When your admin indicates that a Hadoop Integration system has been registered, you can proceed with this sample notebook.

In [1]:
# Imports needed for the cells which run locally on Watson Studio.
import dsx_core_utils
import pandas as pd
from sklearn.externals import joblib

<a id='create_livy_session'></a>
## Create a Remote Livy Session

First, let's get a list of registered Hadoop Integration systems. For this example, we're running in the remote Spark and we do not require any special python libraries, so we do **not** need to look for any particular image.

In [None]:
DSXHI_SYSTEMS = dsx_core_utils.get_dsxhi_info(showSummary=True)

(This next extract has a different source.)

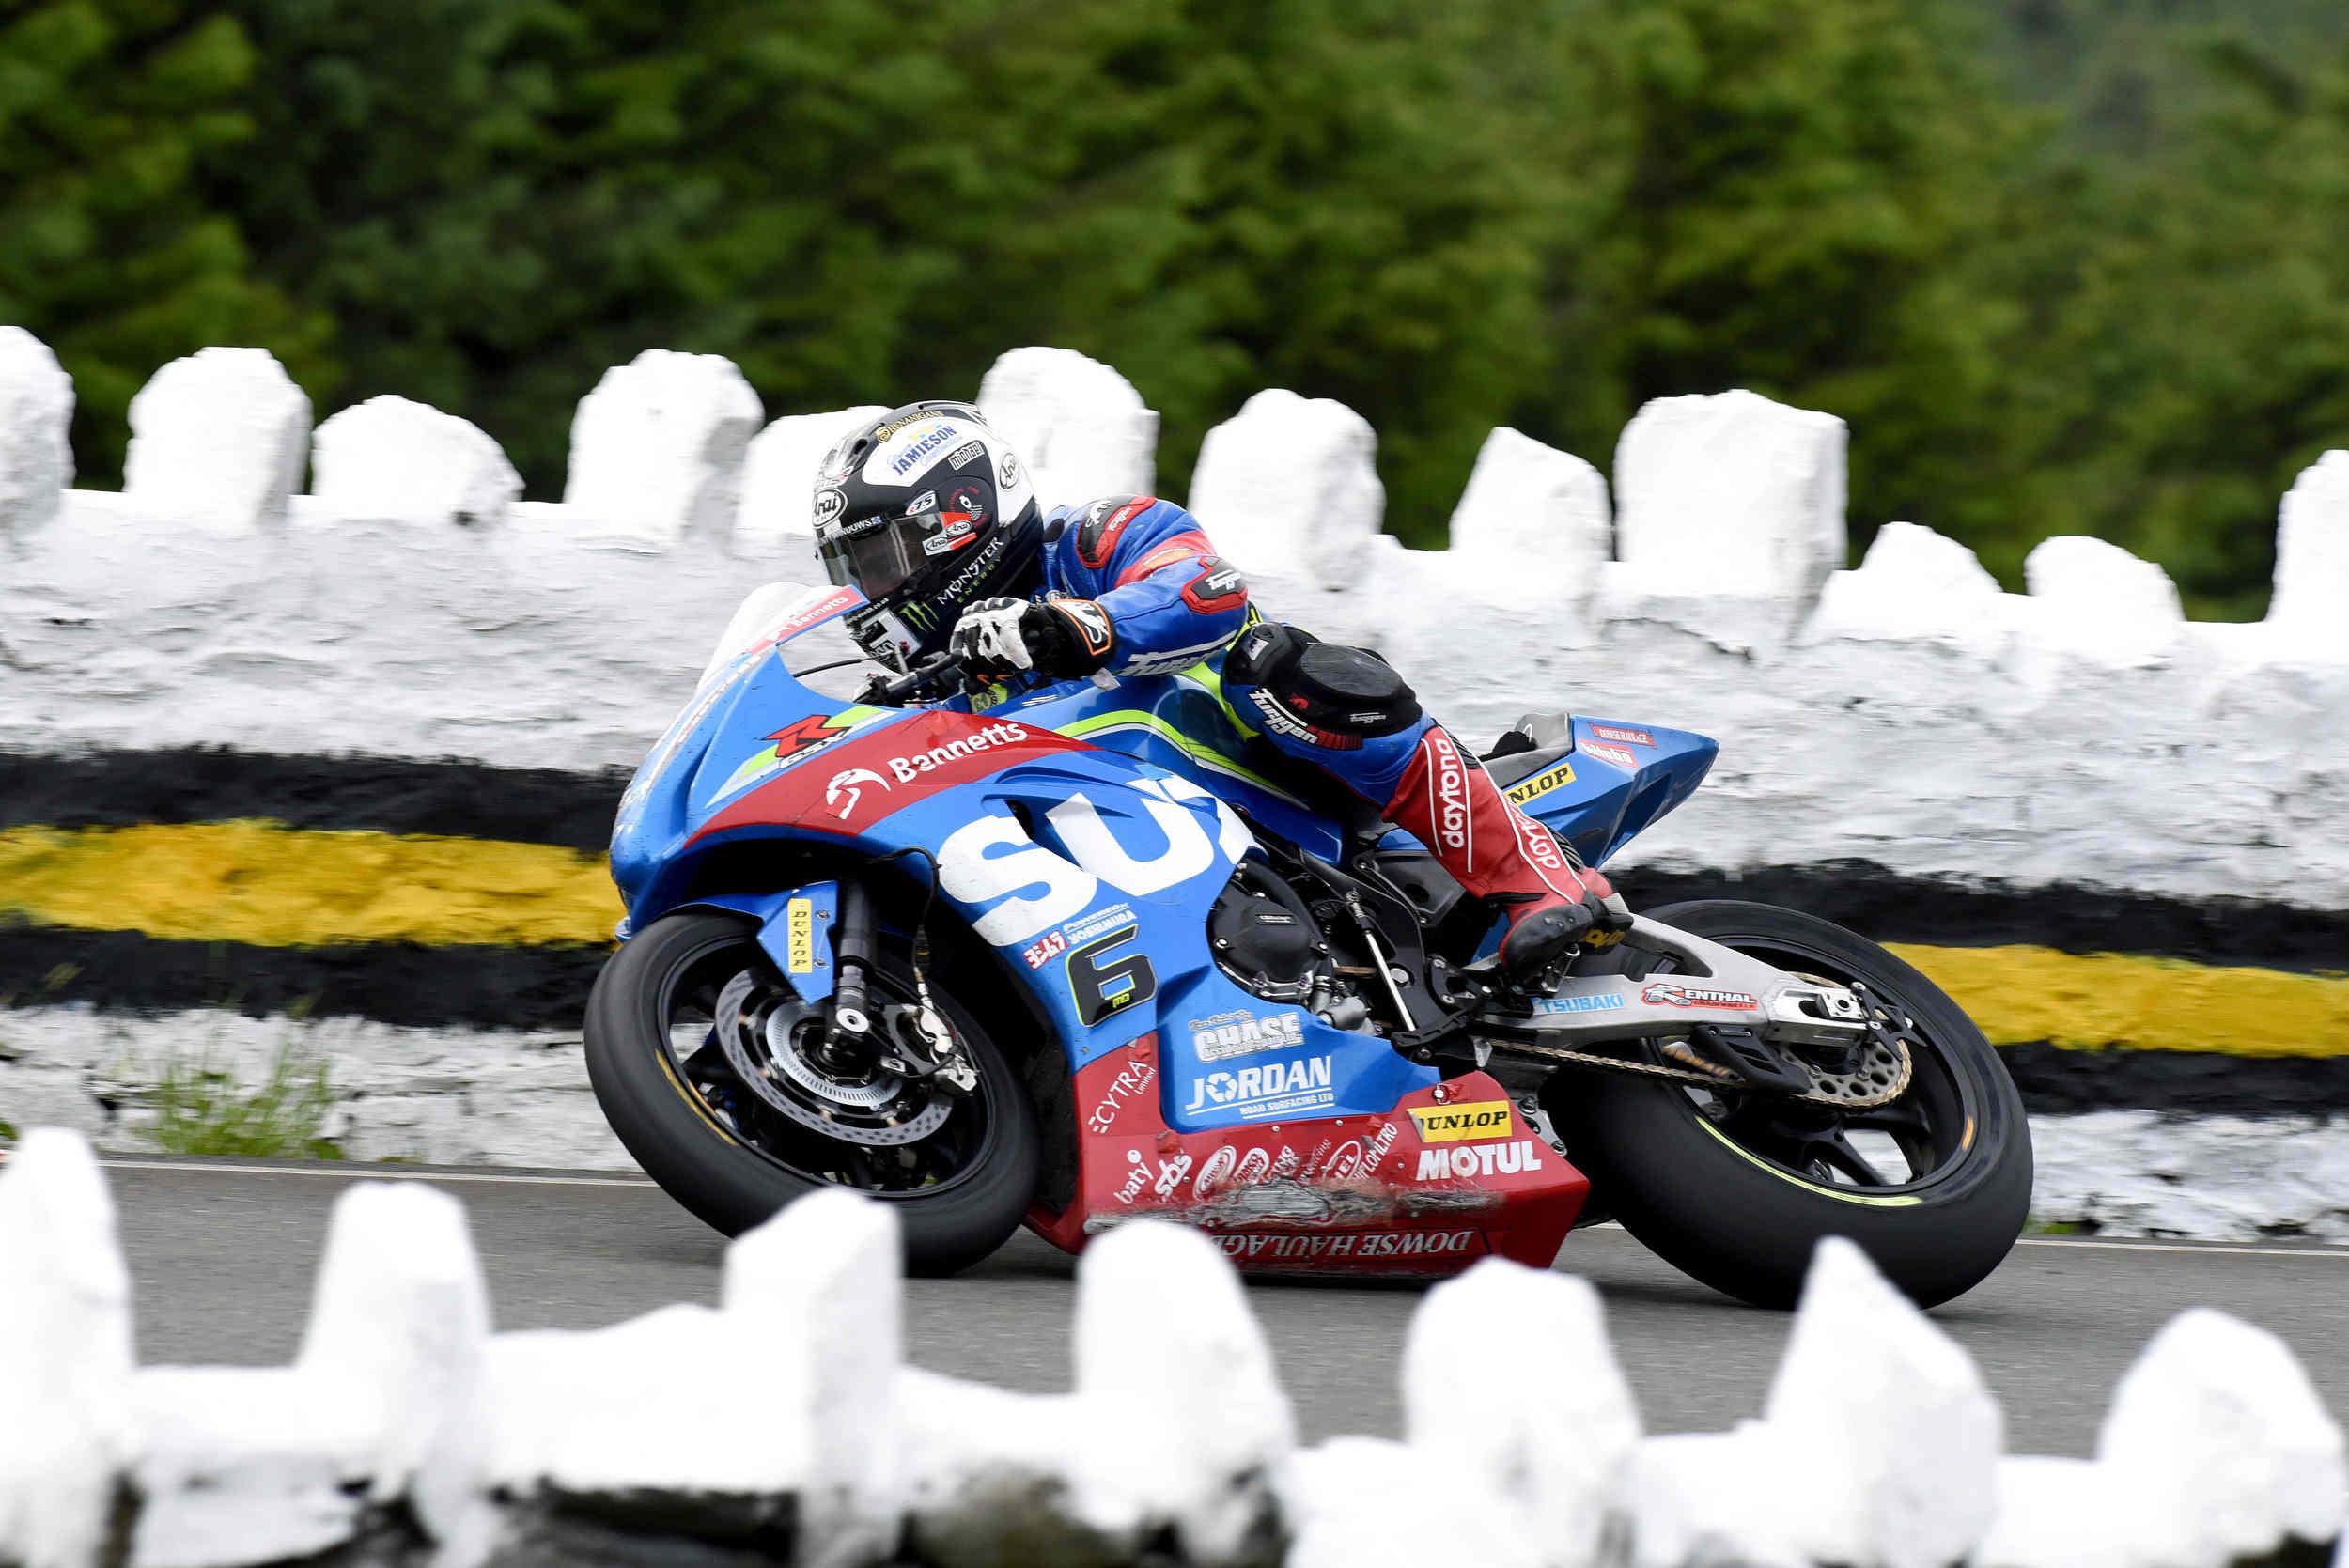 Senior TT 2017 - Michael Dunlop
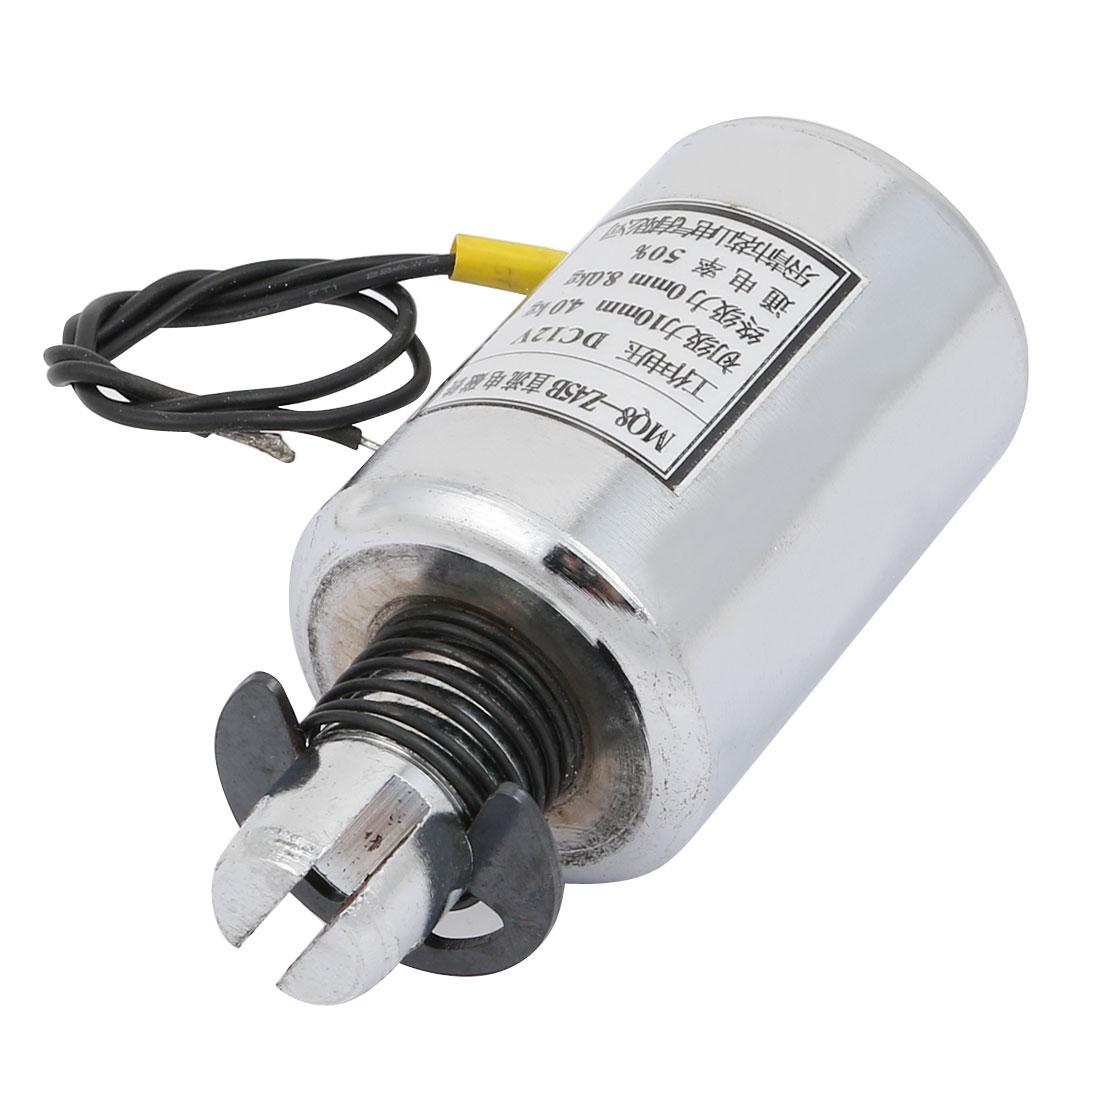 MQ8-Z45B DC 12V 10mm/80N Round Shape Push Pull Type Electromagnet Solenoid

Configure the Spark session that we will run on the selected registered HI system. In this case we want the session to start with 1G memory and two Spark executors. **NOTE**: `myConfig` here is optional; if you prefer to use default configs you can omit this cell and remove the `addlConfig` argument in the next cell.

In [3]:
myConfig={
 "queue": "default",
 "driverMemory": "1G",
 "numExecutors": 2
};

In [4]:
# Set up sparkmagic to connect to the selected registered HI
# system with the specified configs. **NOTE** This notebook
# requires Spark 2, so you should set 'livy' to 'livyspark2'.
HI_CONFIG = dsx_core_utils.setup_livy_sparkmagic(
  system="P-Body", 
  livy="livyspark2",
  addlConfig=myConfig)

# (Re-)load sparkmagic to apply the new configs.
%reload_ext sparkmagic.magics

sparkmagic has been configured to use https://pbody-edge-1.fyre.ibm.com:8443/gateway/dsx-loc-chell-375-master-1/livy2/v1 
success configuring sparkmagic livy.


Now, let's capture some state about the configured Hadoop Integraton system, to be used later in this notebook. Then start up a new, remote Livy session to connect to that HI system. **NOTE**: Depending on a) the resources available in the remote Hadoop system and b) the speed of your cluster, attempts to start the session might report errors due to timeout or due to a session coming up `dead`.  In such cases you should run **`%spark cleanup`** as a separate cell, then re-run this cell again.  If session creation continues to fail, contact the Hadop admin of the target Hadoop cluster to see if everything is configured as expected.

In [5]:
session_name = 'mlsess1'
livy_endpoint = HI_CONFIG['LIVY']
webhdfs_endpoint = HI_CONFIG['WEBHDFS']
%spark add -s $session_name -l python -k -u $livy_endpoint

Starting Spark application


ID,YARN Application ID,Kind,State,Spark UI,Driver log,Current session?
271,application_1536856451431_0224,pyspark,idle,Link,Link,✔


SparkSession available as 'spark'.


For reference / debugging: Print out the name of the Hadoop node to which the remote session has been assigned. When "local" files are created within the remote session, they will be written to this node. All of the Yarn container artifacts (workspace and temp files) will exist on this node, as well.

In [6]:
%%spark -s $session_name
import socket
print("Remote livy session driver: {}".format(socket.gethostname()))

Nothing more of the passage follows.